━━ Data segment ━━

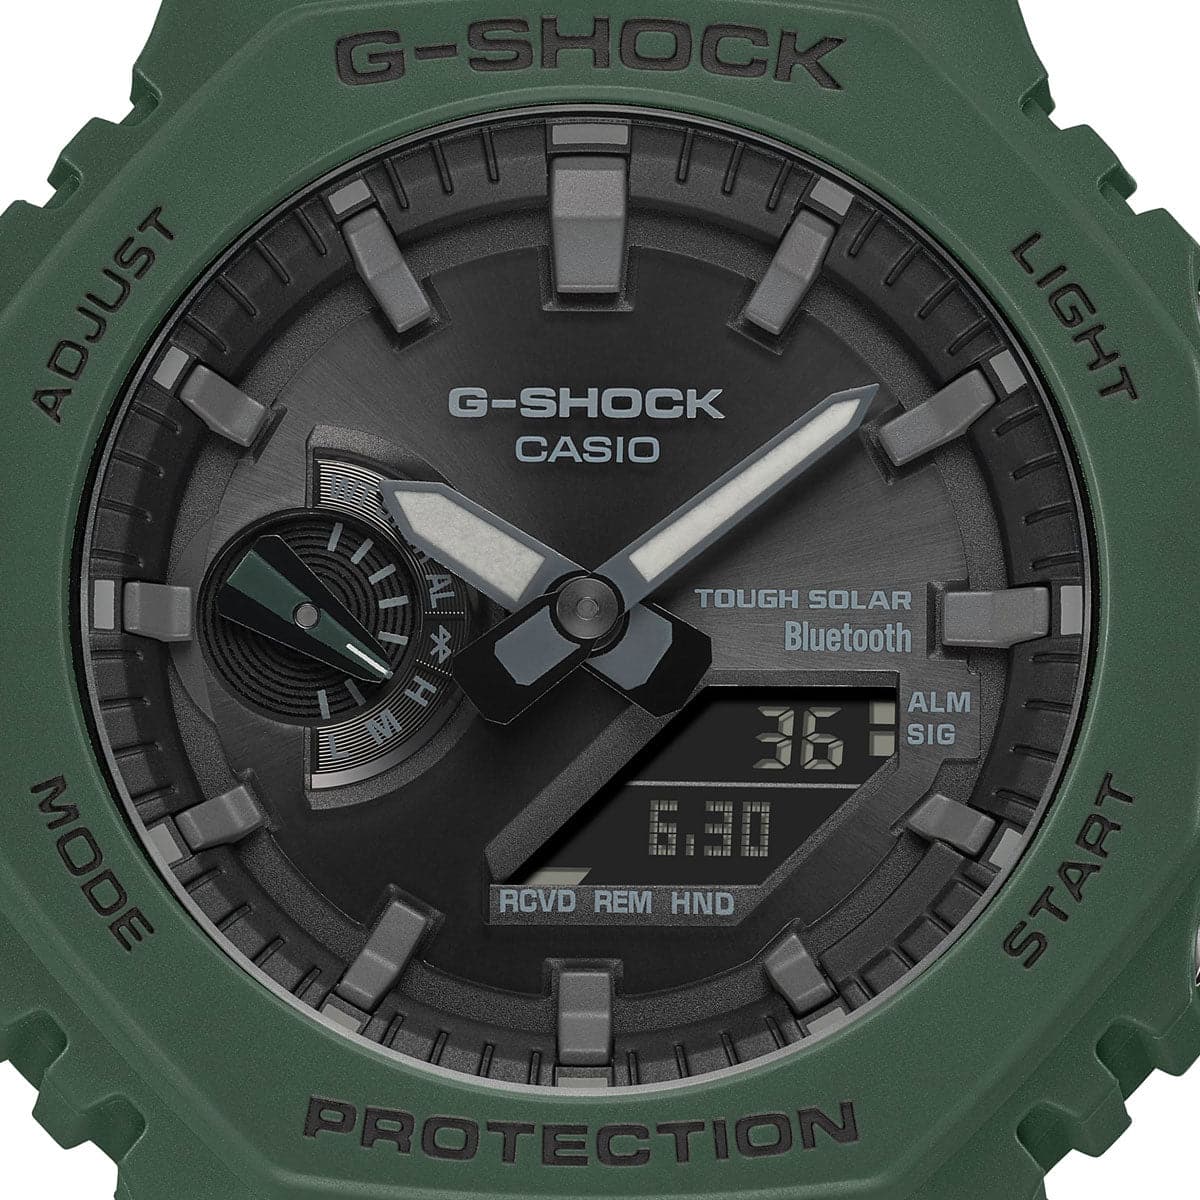 Casio G-Shock GA-B2100-3AER (Grün)  - Allike Store
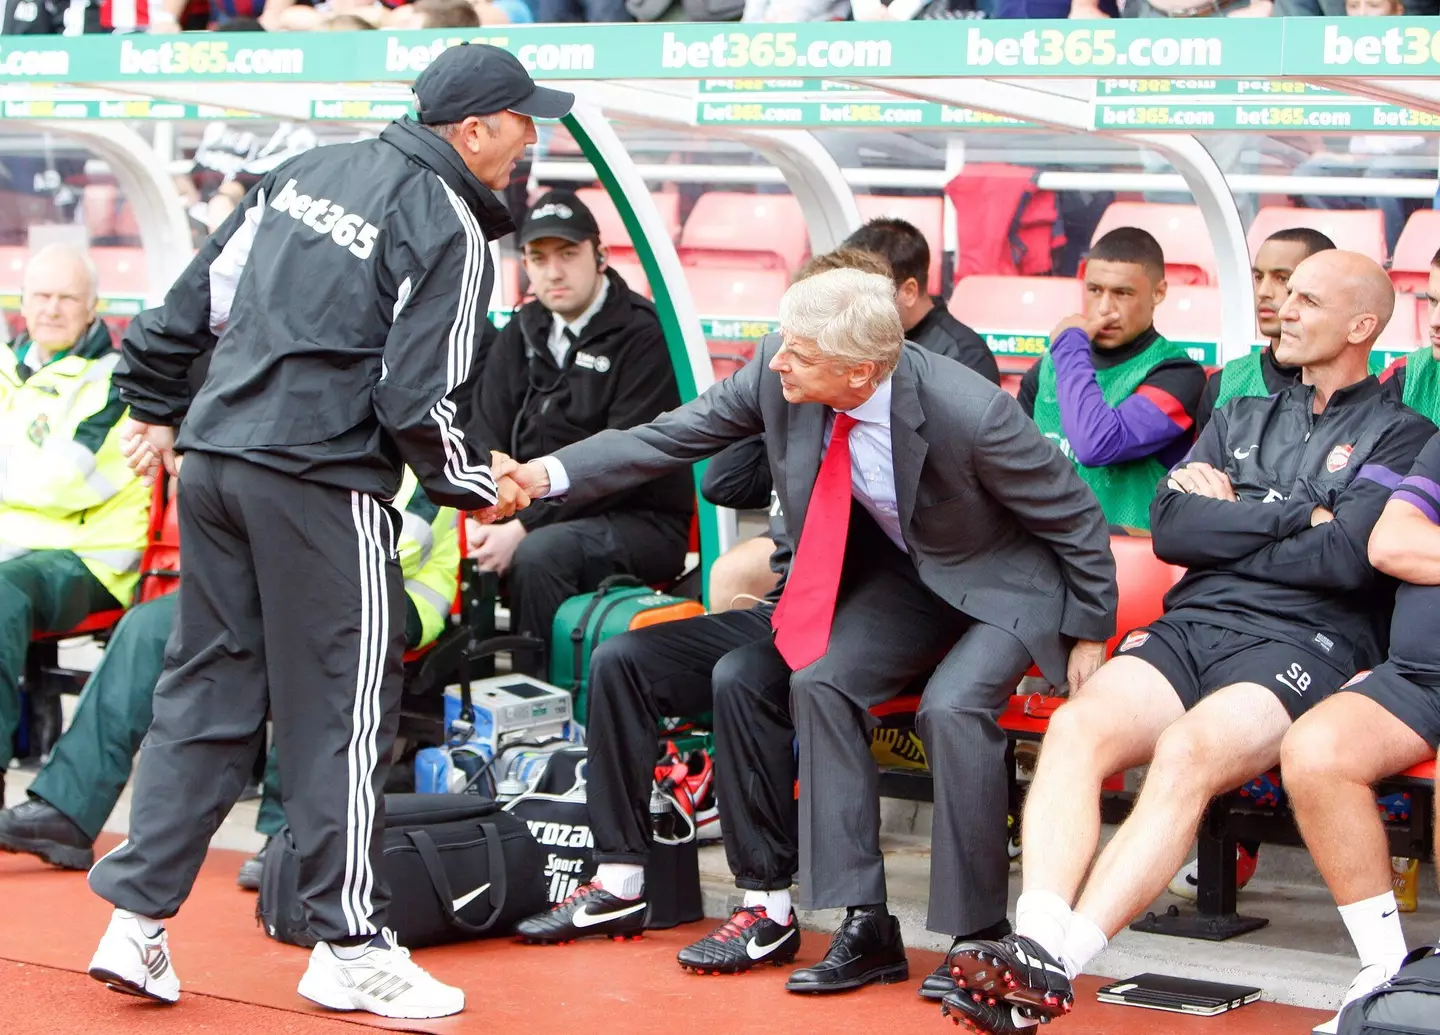 Tony Pulis and Arsene Wenger had many fierce battles in the Premier League. (Image
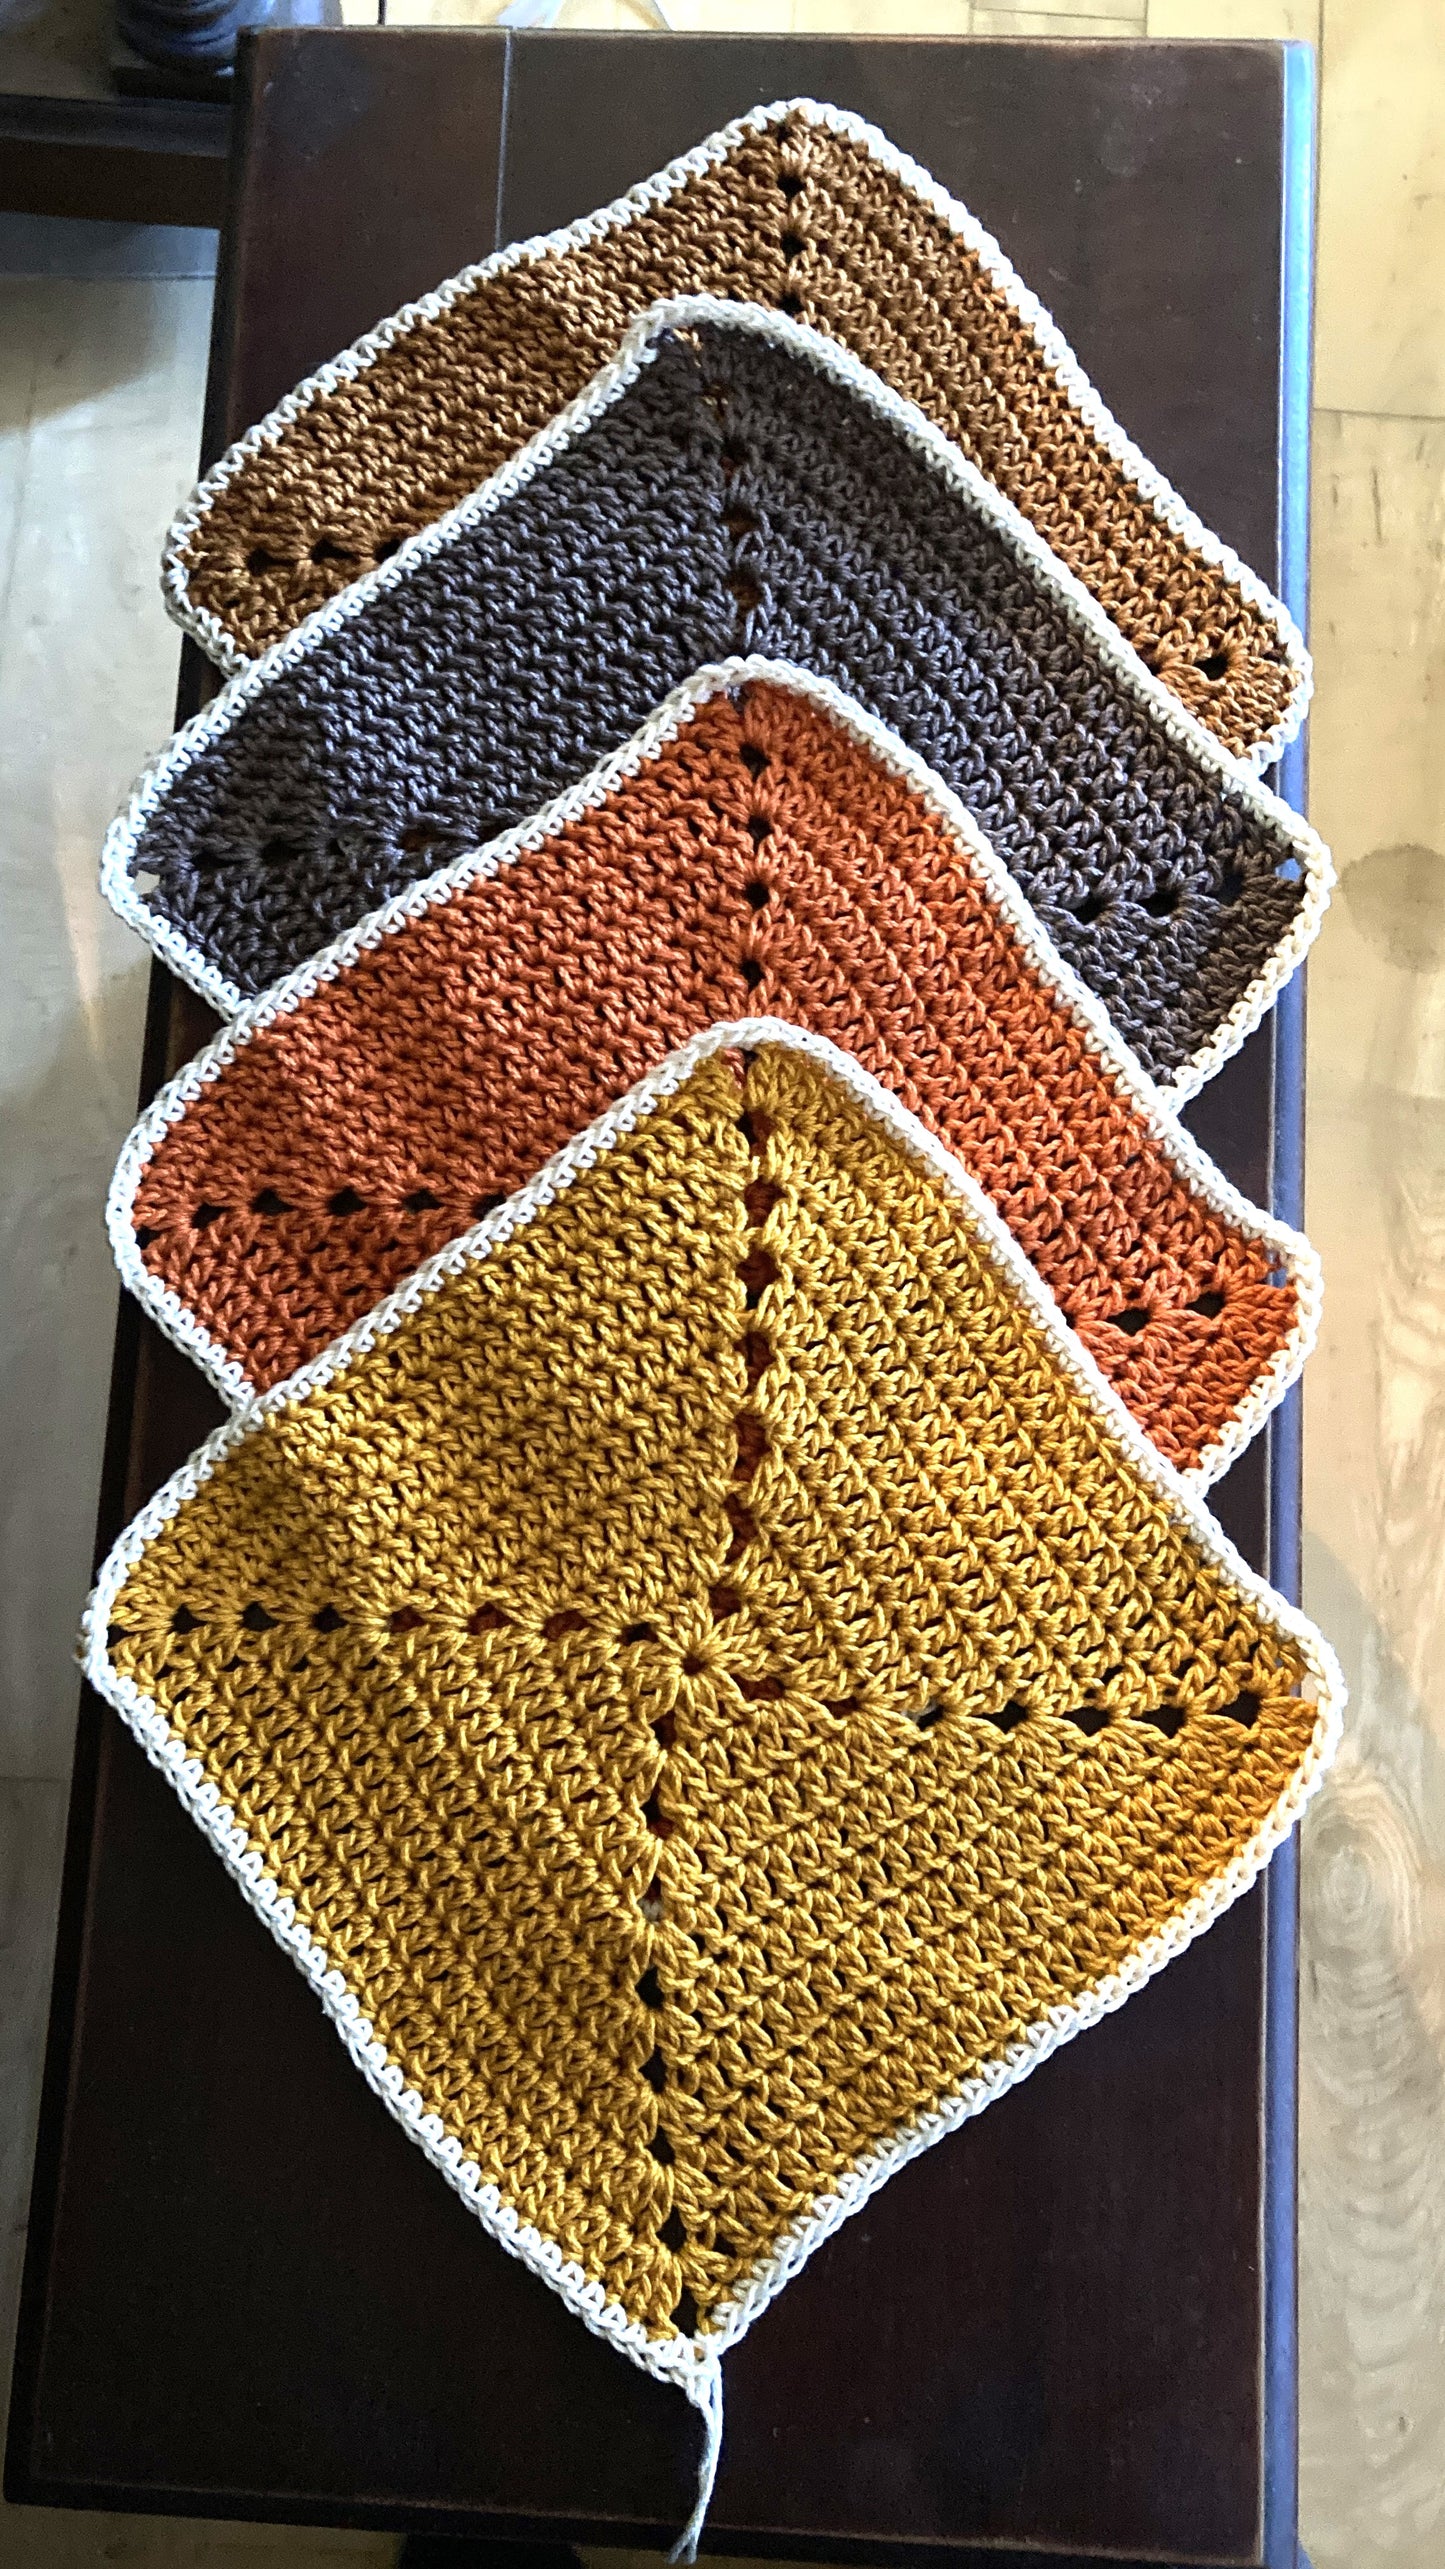 Colorful Button Cowl Crochet Pattern by Victoria Pietz

━━━

▶ **What is expected**
Drop the pictures, then reproduce exactly the lines from the one with "Tony Pulis and" through the final line of the listing.

▶ **Answer section**
 Tony Pulis and Arsene Wenger had many fierce battles in the Premier League. (Image
 Colorful Button Cowl Crochet Pattern by Victoria Pietz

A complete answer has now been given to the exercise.